PSQL_DB_USER default='micro'
PSQL_DB_PASS default='password'
PSQL_DB_NAME default='microservice'
PSQL_DB_ADDRESS default='127.0.0.1'
PSQL_DB_PORT default='5432'
# Create python virtualenv
python3 -m venv venv_micro
# Activate virtualenv
source venv_micro/bin/activate
# Install requirements from requirements.txt
pip install -r requirements.txt
# Start Flask in non-production mode
cd ../backend
export FLASK_APP=app
flask run
# Stop and remove docker container process if previously started
docker stop micro-service && docker rm micro-service || :
# Build docker image
docker build -t <account>/microservice:v0.0.1 .

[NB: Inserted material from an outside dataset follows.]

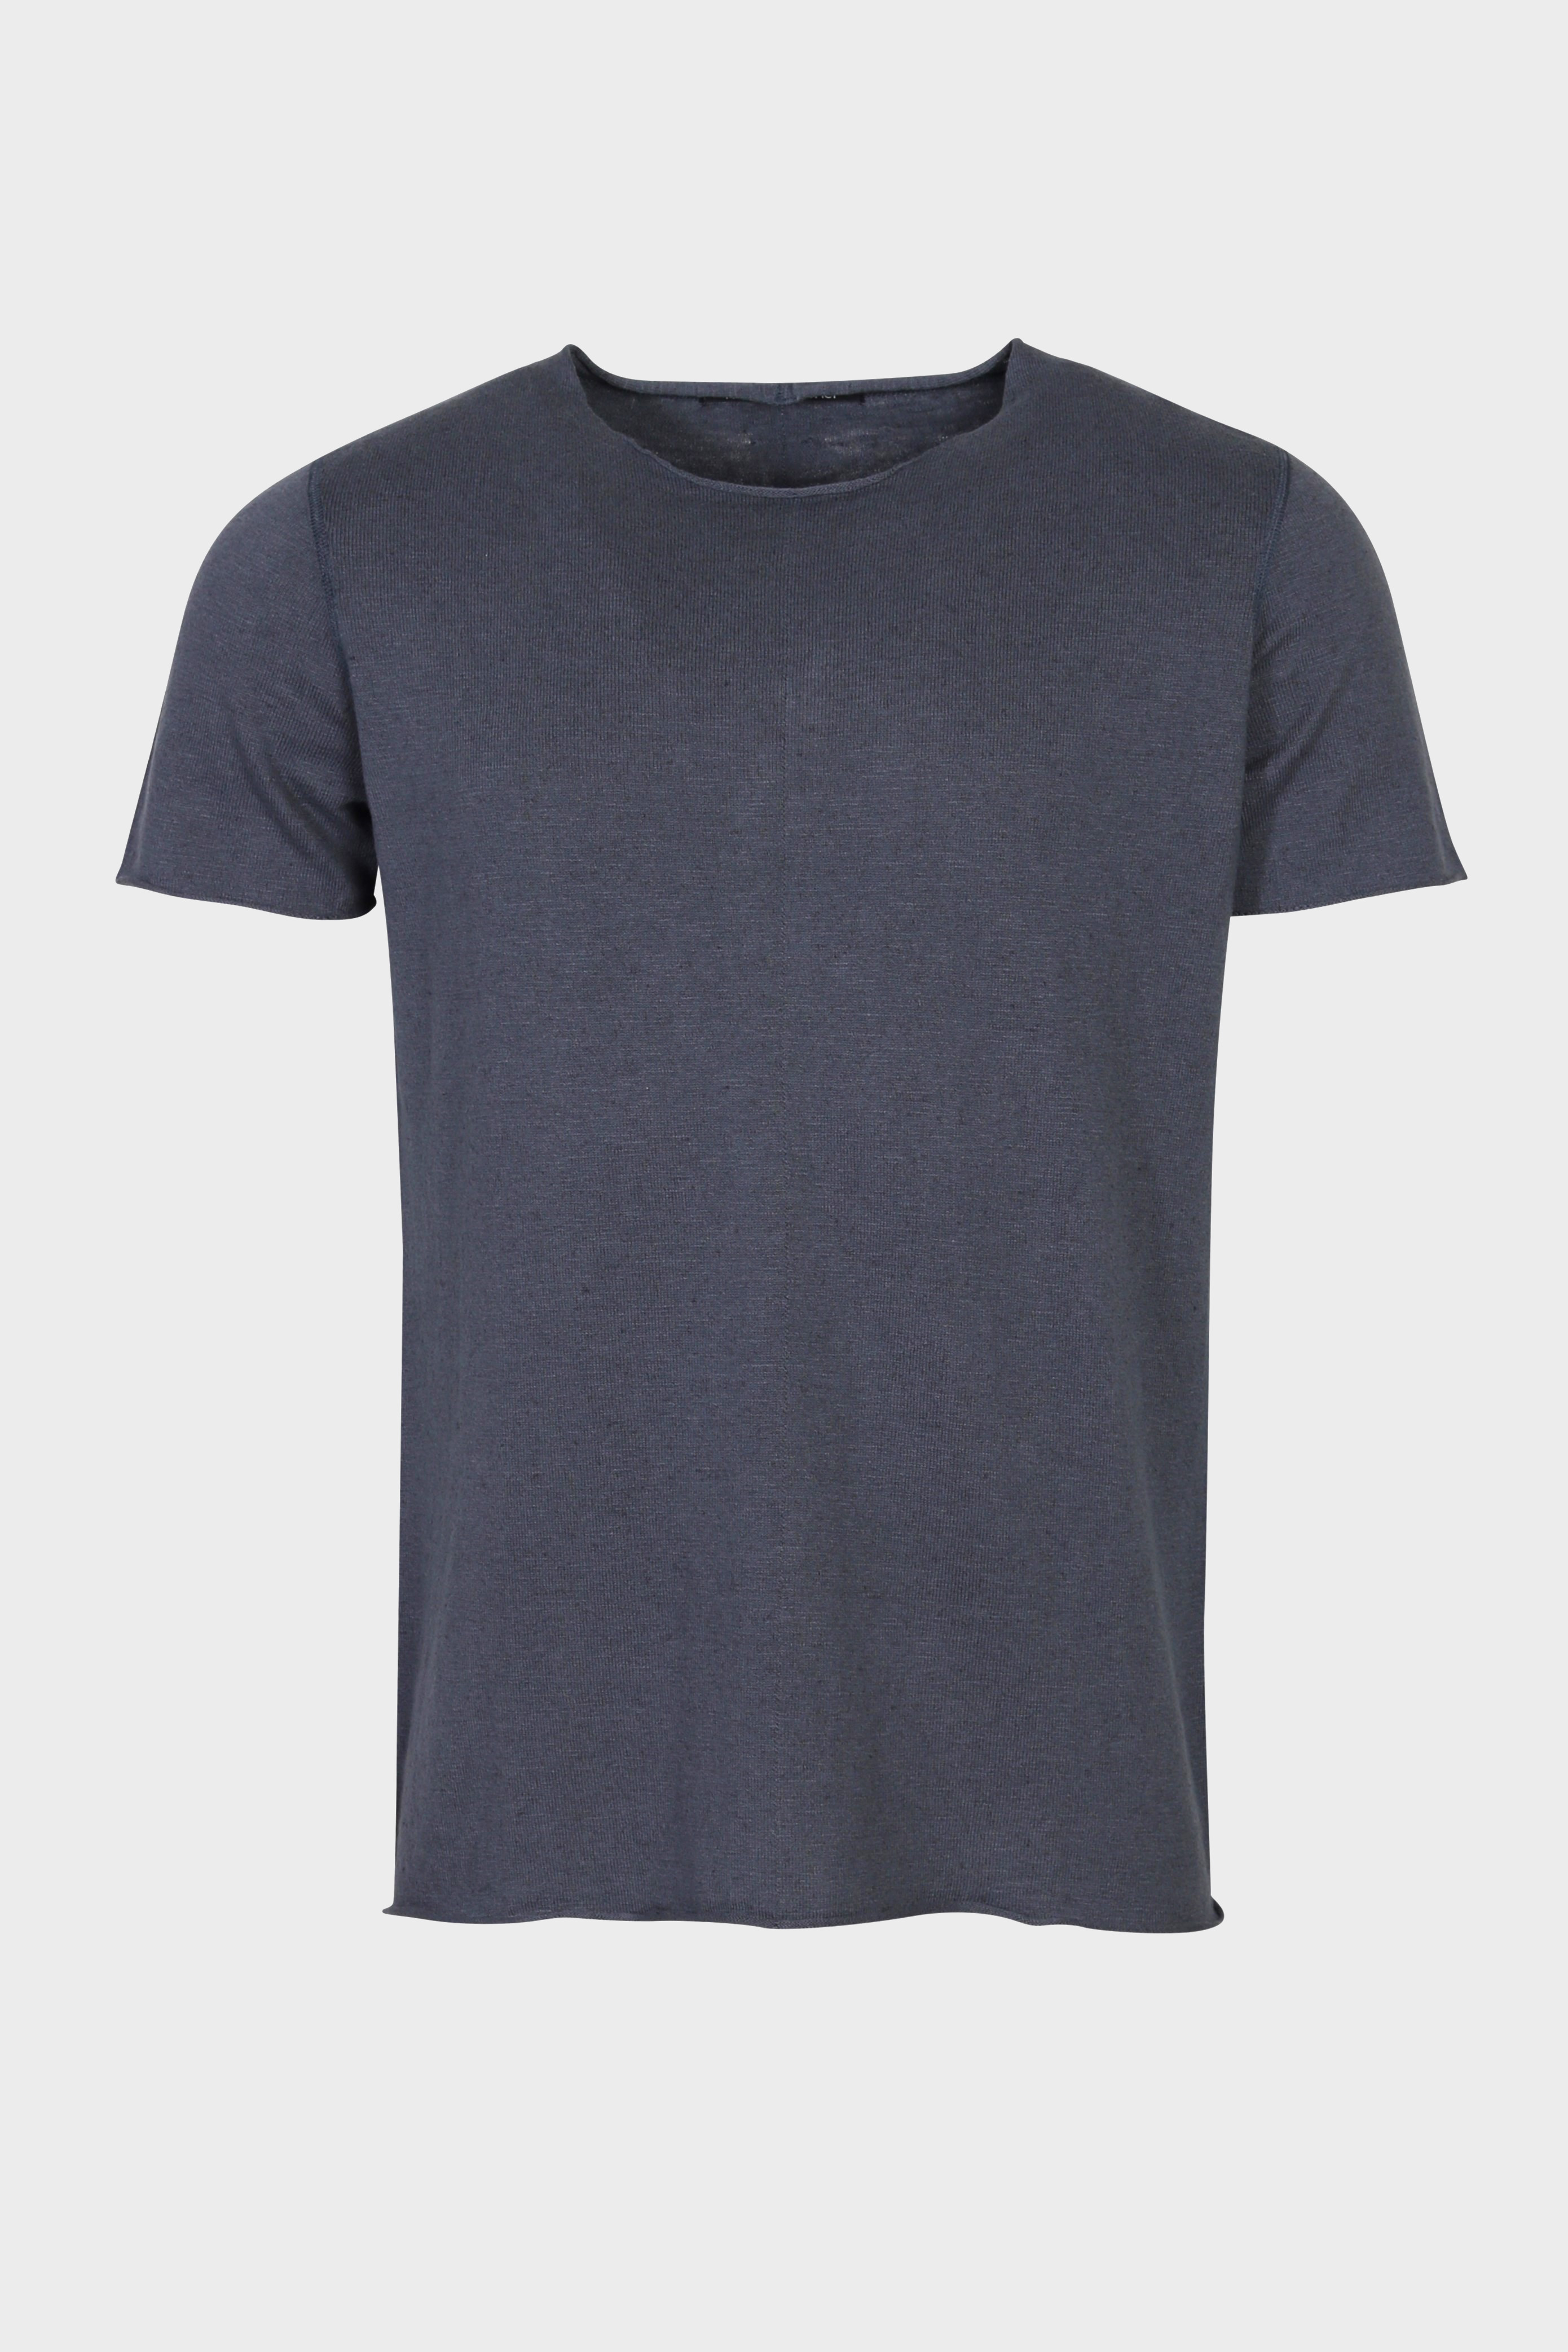 HANNES ROETHER Knit T-Shirt in Greyish Blue M

# Run docker container locally
docker run \
--rm \
--name micro-service \
-it \
-e PSQL_DB_ADDRESS=192.168.1.45 \
-p 5001:8000 \
-d <account>/microservice:v0.0.1
# Get inside docker container
docker exec -it micro-service sh
# Push docker image to public docker registry
docker login
docker push <account>/microservice:v0.0.1
Backend (Python Flask) helm chart (micro-backend) is dependent on a database PostgreSQL.

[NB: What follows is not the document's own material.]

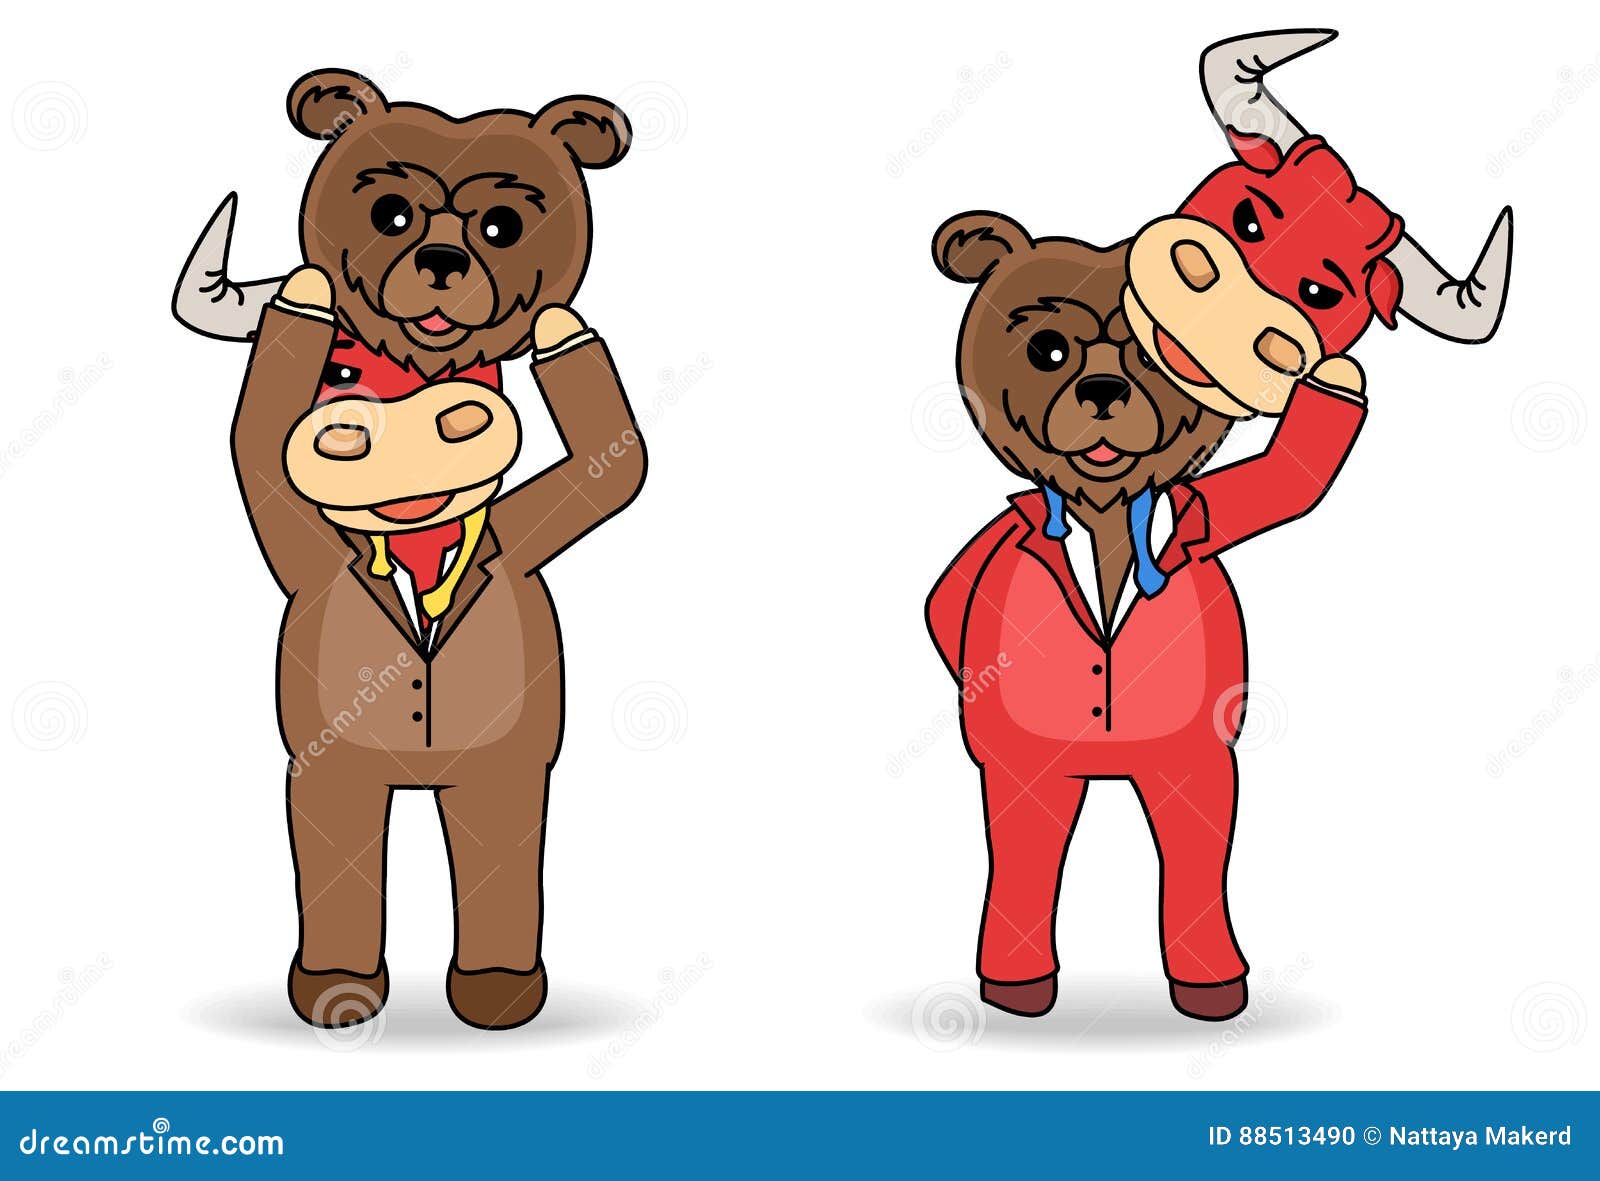 disguised bear and bull mask under rival his shirt. stock market concept.

There are two options how one can include database (postgresql) as dependency for this helm chart:
backend helm chart.
- create requirements.yaml file inside micro-backend
# Create requirements.yaml file
cat <<EOF > requirements.yaml
dependencies:
- name: postgresql
repository: https://kubernetes-charts.storage.googleapis.com
version: 3.18.3
EOF
# Update dependencies
helm dependency update
- download postgresql helm chart by using
helm fetch <repo>/<chart-name>
and copy it to charts/ folder inside your helm chart (micro-backend)
helm fetch stable/postgresql
cp postgresql*.tgz charts/
# Before the very first deployment
helm dependency update
# Deploy backend helm chart
helm install \
--name backend \
--set service.type=NodePort \
--set service.nodePort=30222 \
helm-charts/micro-backend \
--tls
# Describe backend pod
kubectl describe pod \
$(kubectl get pods | grep backend-micro-backend | awk -F" " {'print $1'})

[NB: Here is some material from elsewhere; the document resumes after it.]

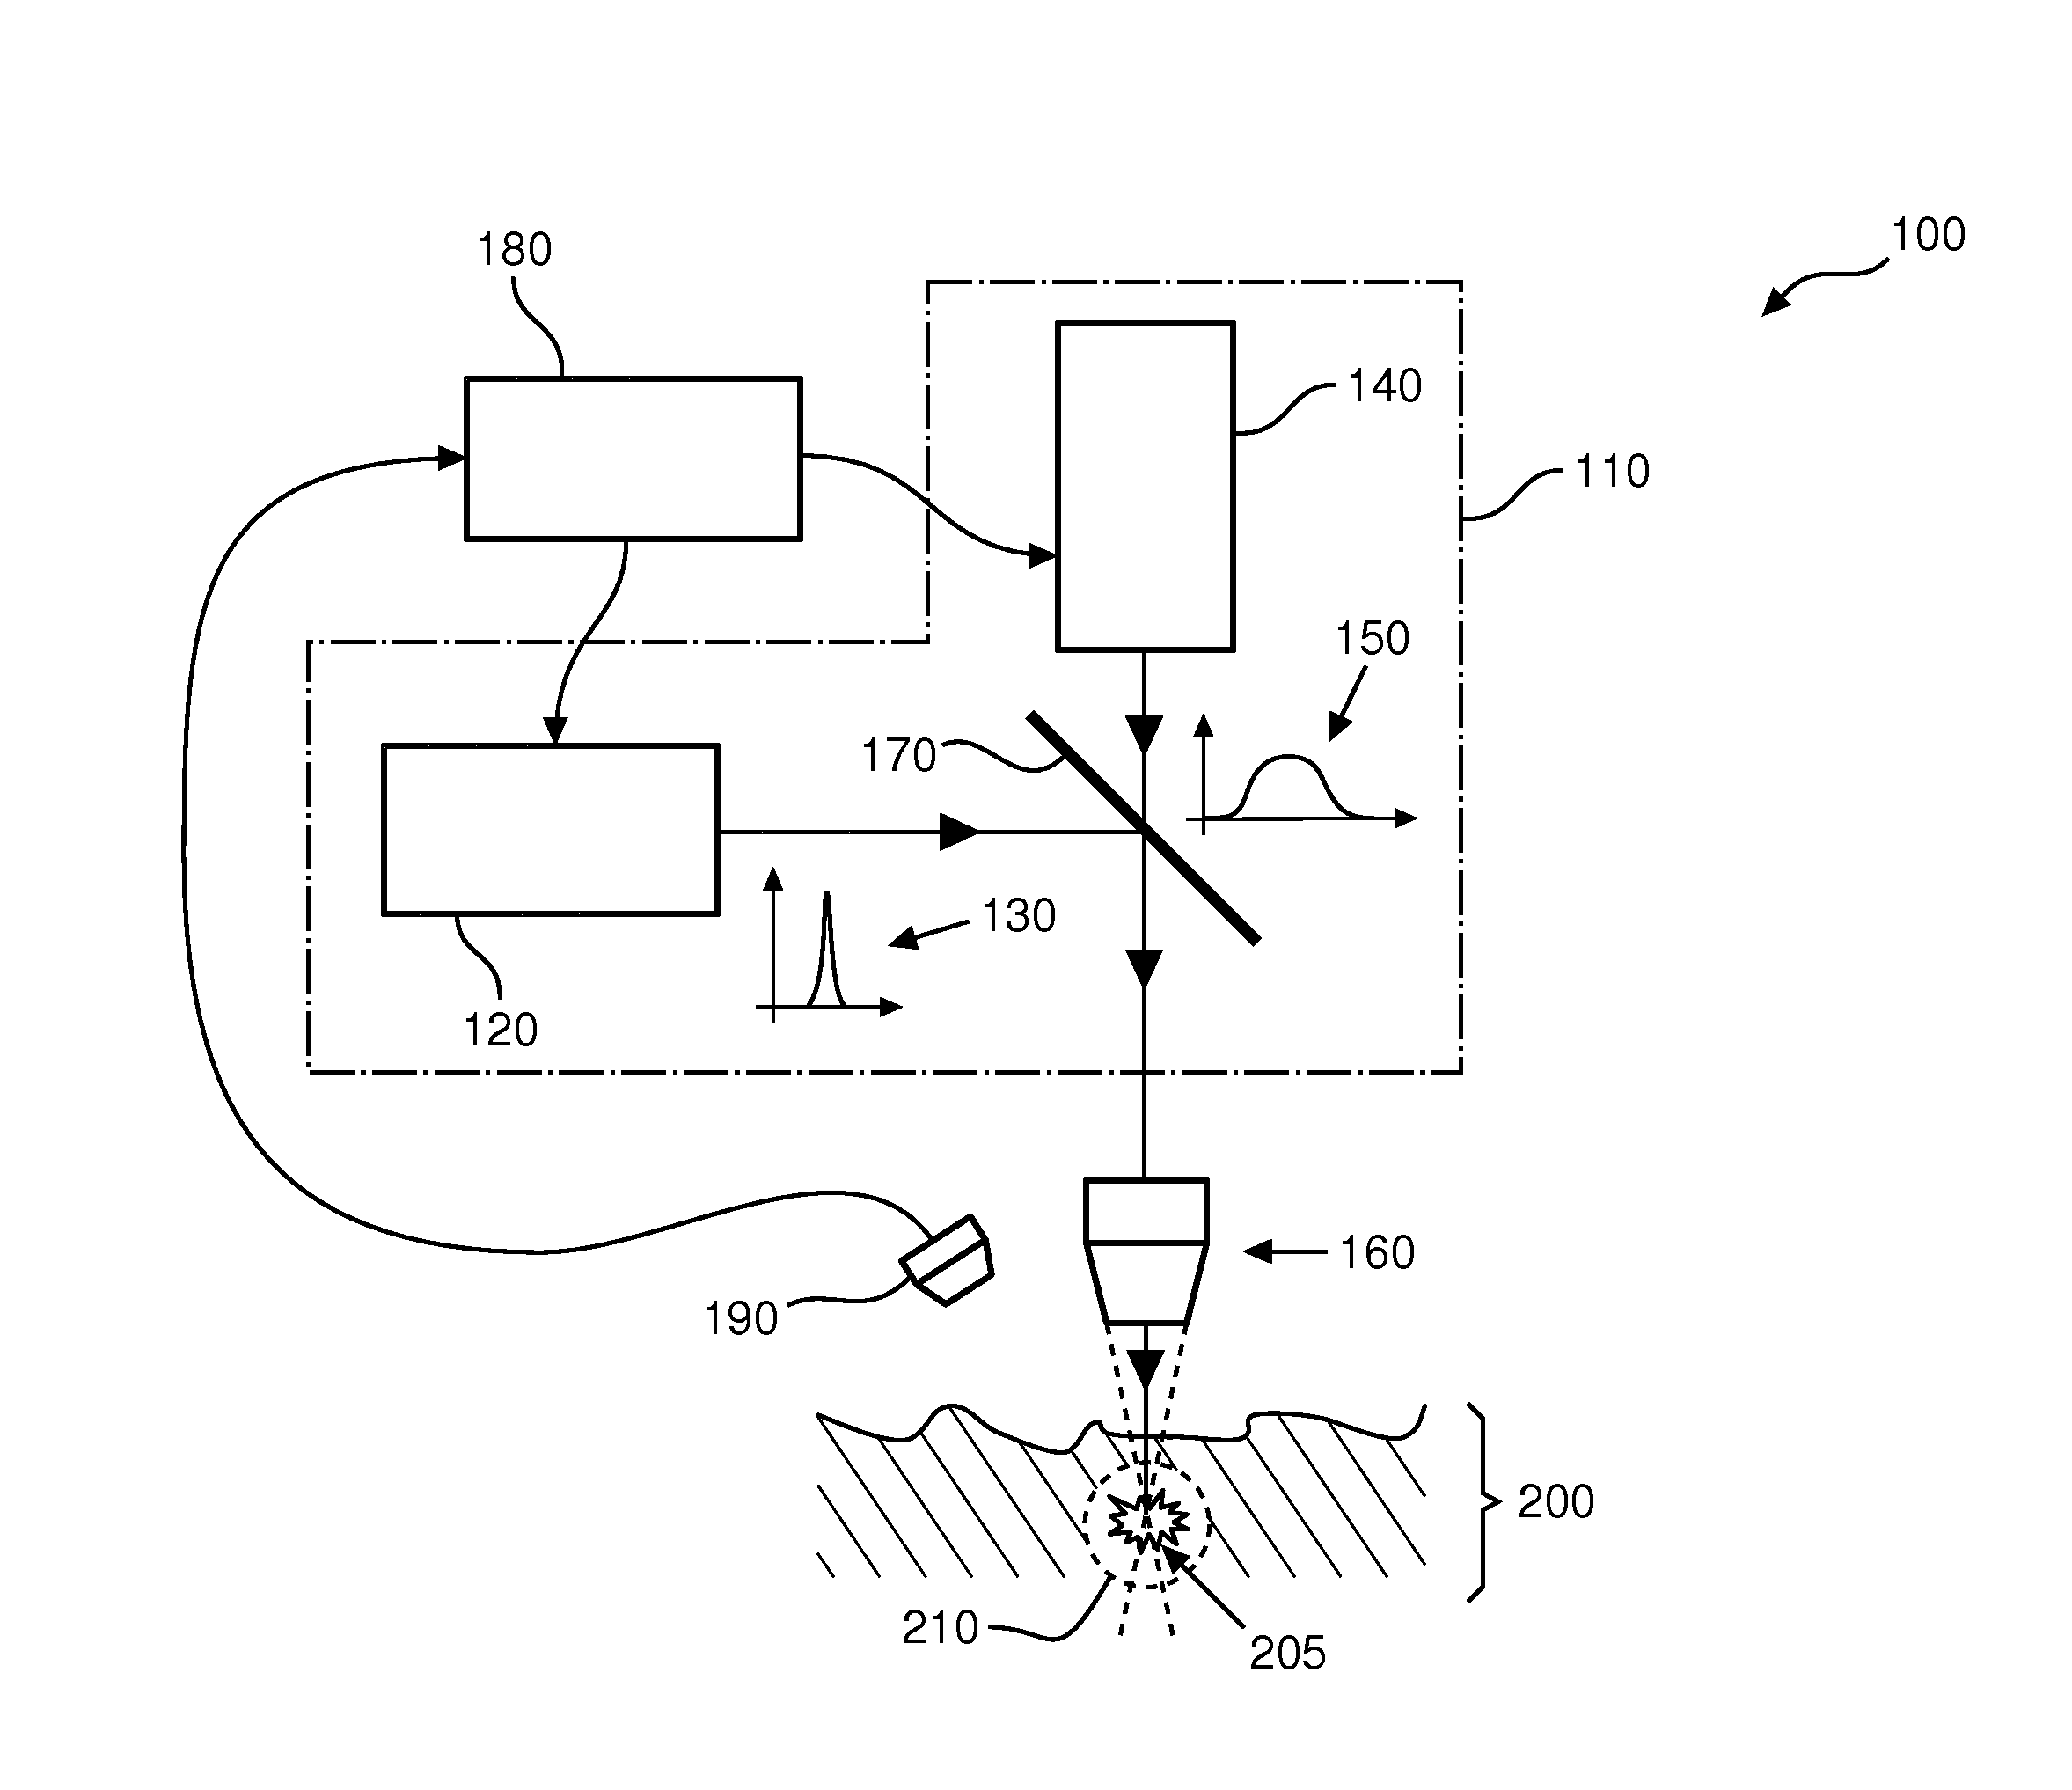 Non-invasive device for treatment of the skin using laser light

# See what is going on in logs
kubectl logs -f \
$(kubectl get pods | grep backend-micro-backend | awk -F" " {'print $1'})
# Update already deployed helm chart
helm upgrade backend helm-charts/micro-backend --tls
# Delete helm chart deployment
helm delete --purge backend --tls
Verify your backend deployment via:
curl http://<ip_address>:30222/api/saveip
# get inside your busybox
kubectl exec -it busybox -- sh
uname -n
ip a
wget -O - http://backend-micro-backend:80/api/isalive
wget -O - http://backend-micro-backend:80/api/getallips
wget -O - http://backend-micro-backend:80/api/saveip
wget -O - http://backend-micro-backend:80/api/getallips
kubectl exec -it backend-micro-backend-7d887bb858-sd9hb -- sh
ps -ef
PID USER TIME COMMAND
1 root 7:08 {gunicorn} /usr/local/bin/python /usr/local/bin/gunicorn --bind 0.0.0.0:8000
8 root 18:42 {gunicorn} /usr/local/bin/python /usr/local/bin/gunicorn --bind 0.0.0.0:8000
23 root 0:00 sh
wget -O - http://127.0.0.1:8000/api/isalive
wget -O - http://127.0.0.1:8000/api/saveip
wget -O - http://127.0.0.1:8000/api/getallips
# Describe micro-backend svc
kubectl \
describe \
svc \
$(kubectl get svc | grep micro-backend | awk -F" " '{print $1}')
# Check number of micro-backend pods
kubectl get pods -o wide| grep micro-backend
# Scale up your back-end deployment to rs=3
helm upgrade backend \
--set replicaCount=3 \
--set service.nodePort= \
helm-charts/micro-backend \
--tls
/opt/microservice
helm template -x templates/service.yaml helm-charts/micro-backend
helm template -x templates/ingress.yaml helm-charts/micro-backend
helm template -x templates/deployment.yaml helm-charts/micro-backend
Please execute following lines when running React frontend app
locally (e.g. at your laptop)
cd ../frontend/
npm install
# npm audit fix --force
npm start
npm run build
cd frontend
# Build frontend docker image
docker build -t <account>/frontend:v0.0.3 .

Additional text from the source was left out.